Record set:
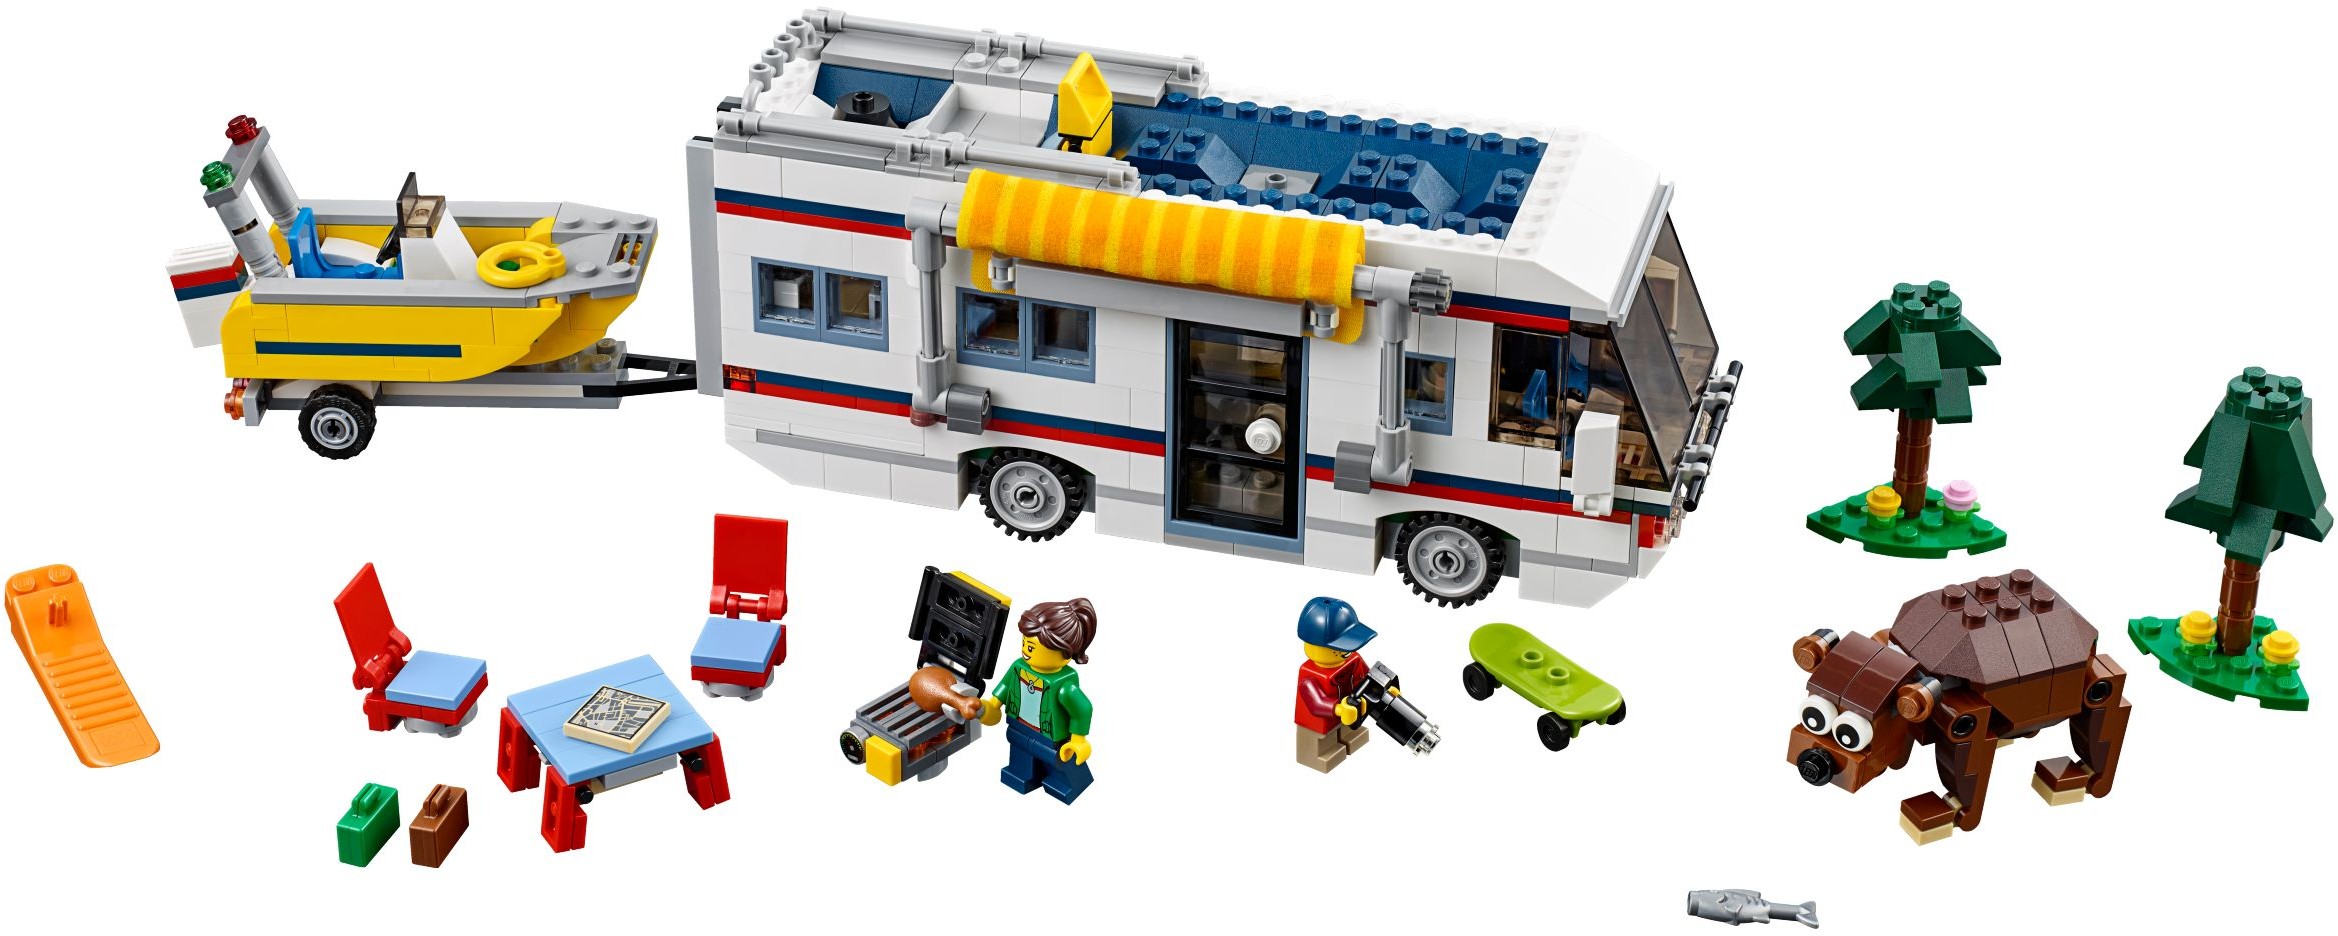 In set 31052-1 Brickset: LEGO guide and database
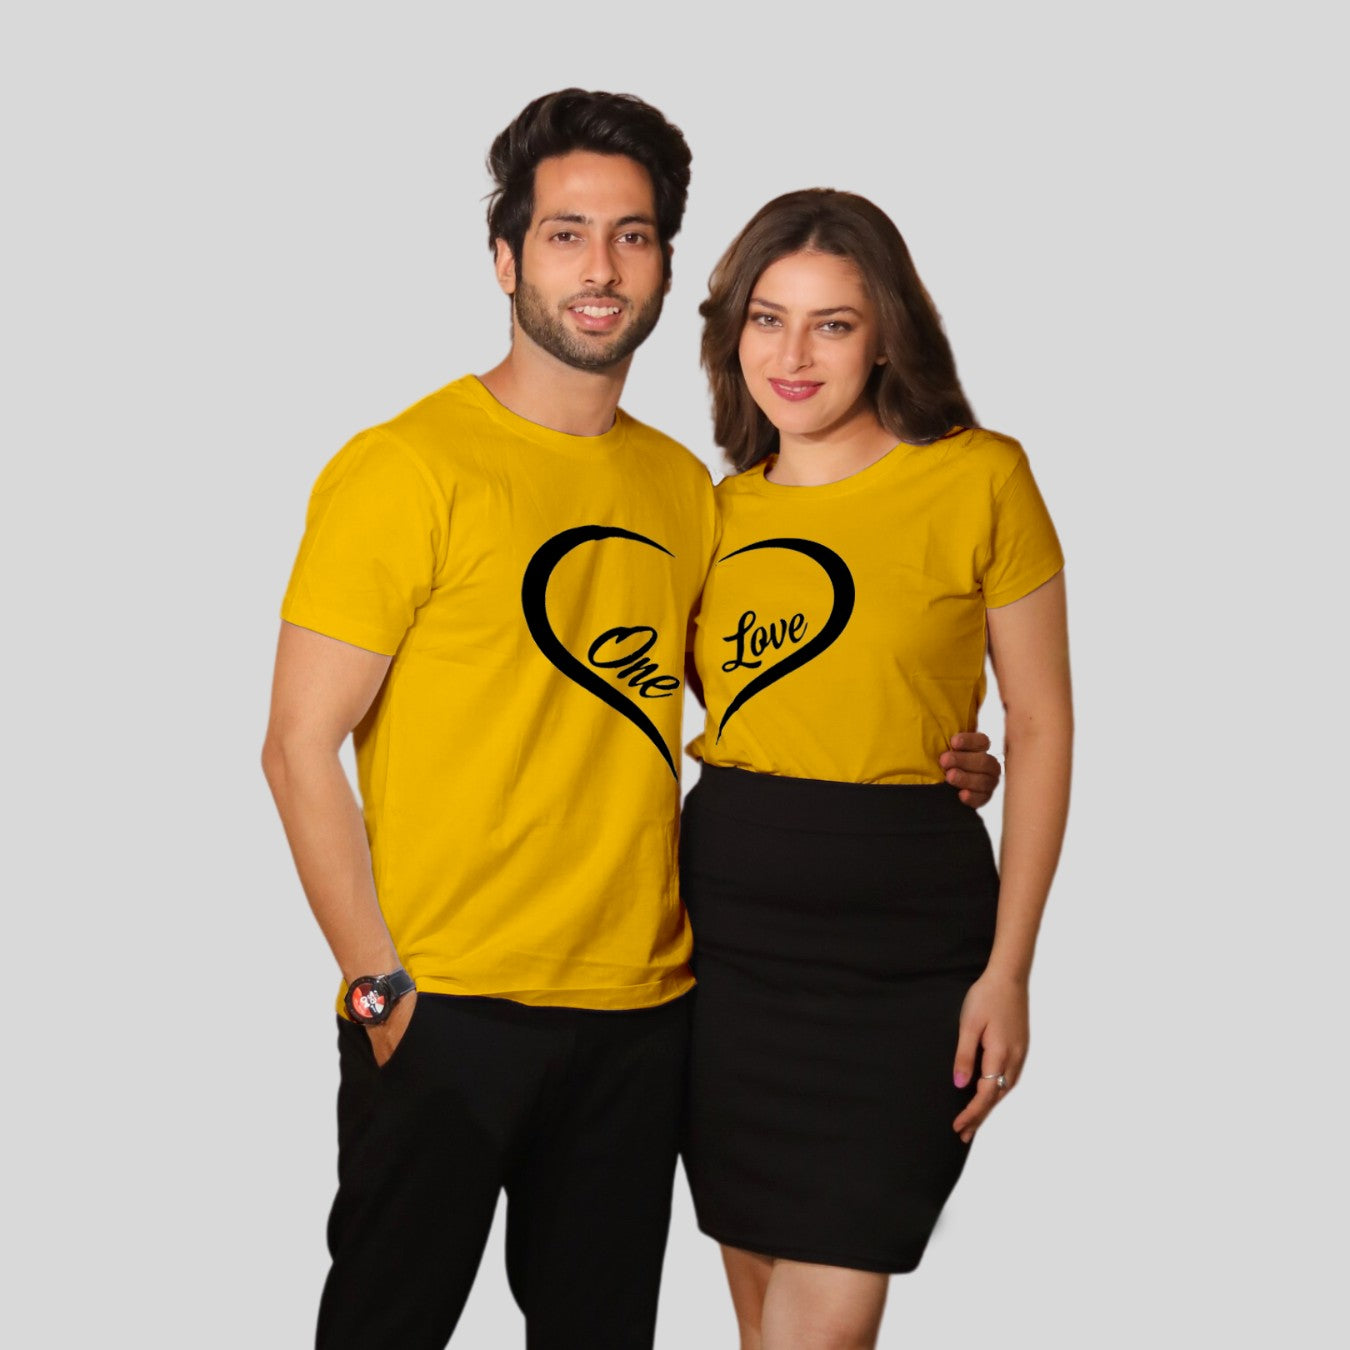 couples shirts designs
==
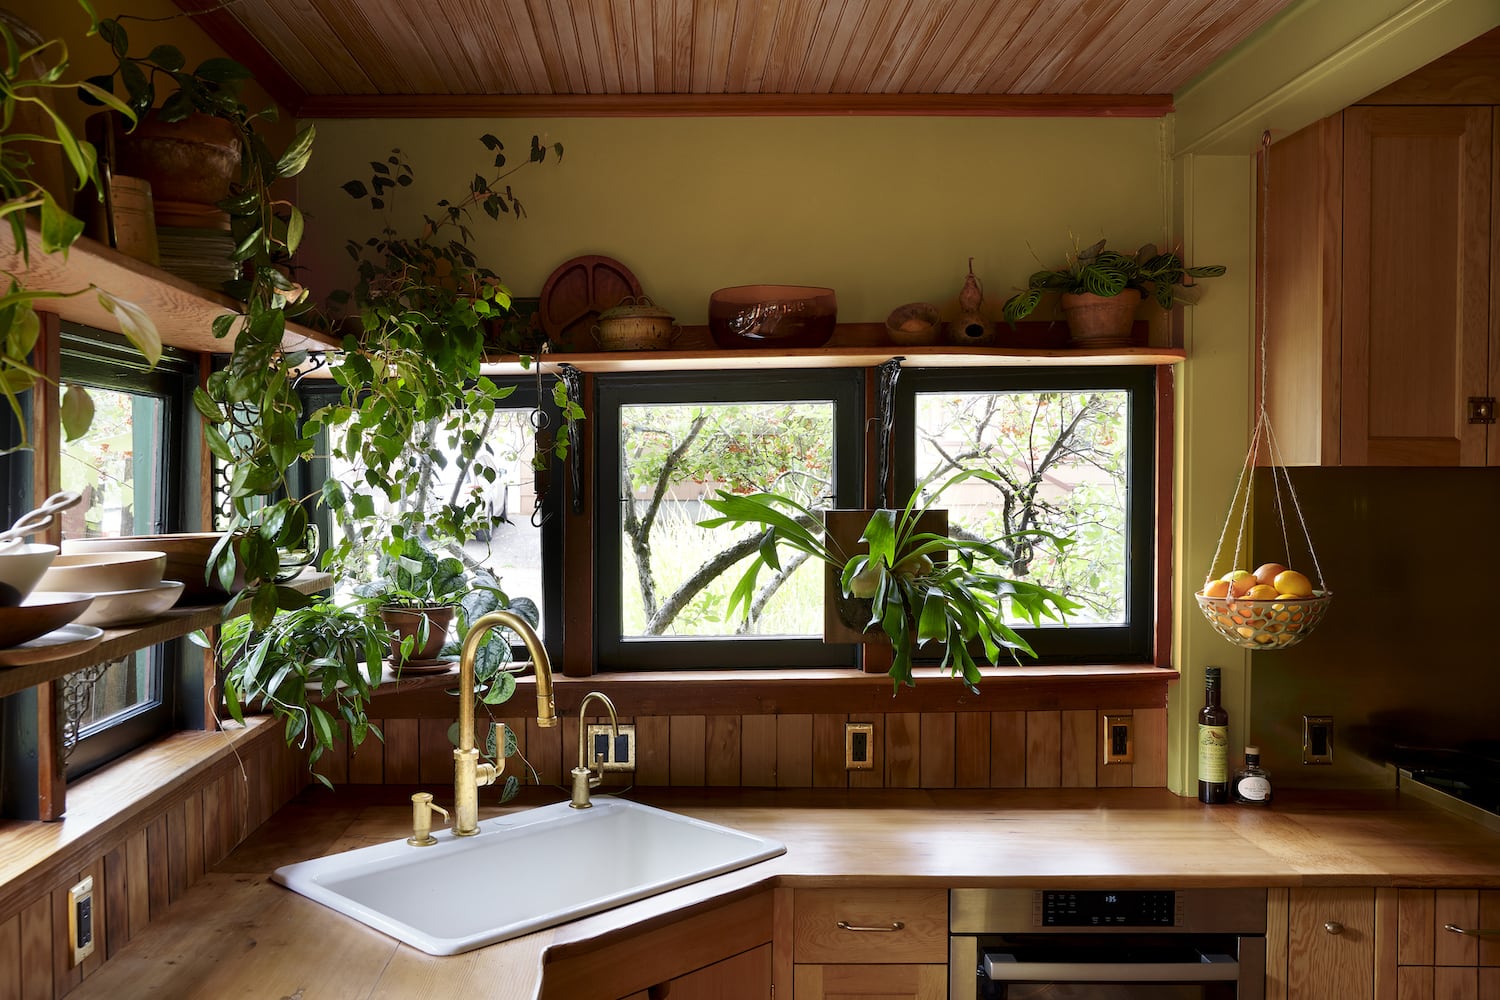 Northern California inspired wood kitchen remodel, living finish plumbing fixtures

Assignment: Using the data above, retype exactly the lines from the line with "In set 31052-1" to the line with "couples shirts designs", inclusive. No pictures and nothing else.

Result:
 In set 31052-1 Brickset: LEGO guide and database
 couples shirts designs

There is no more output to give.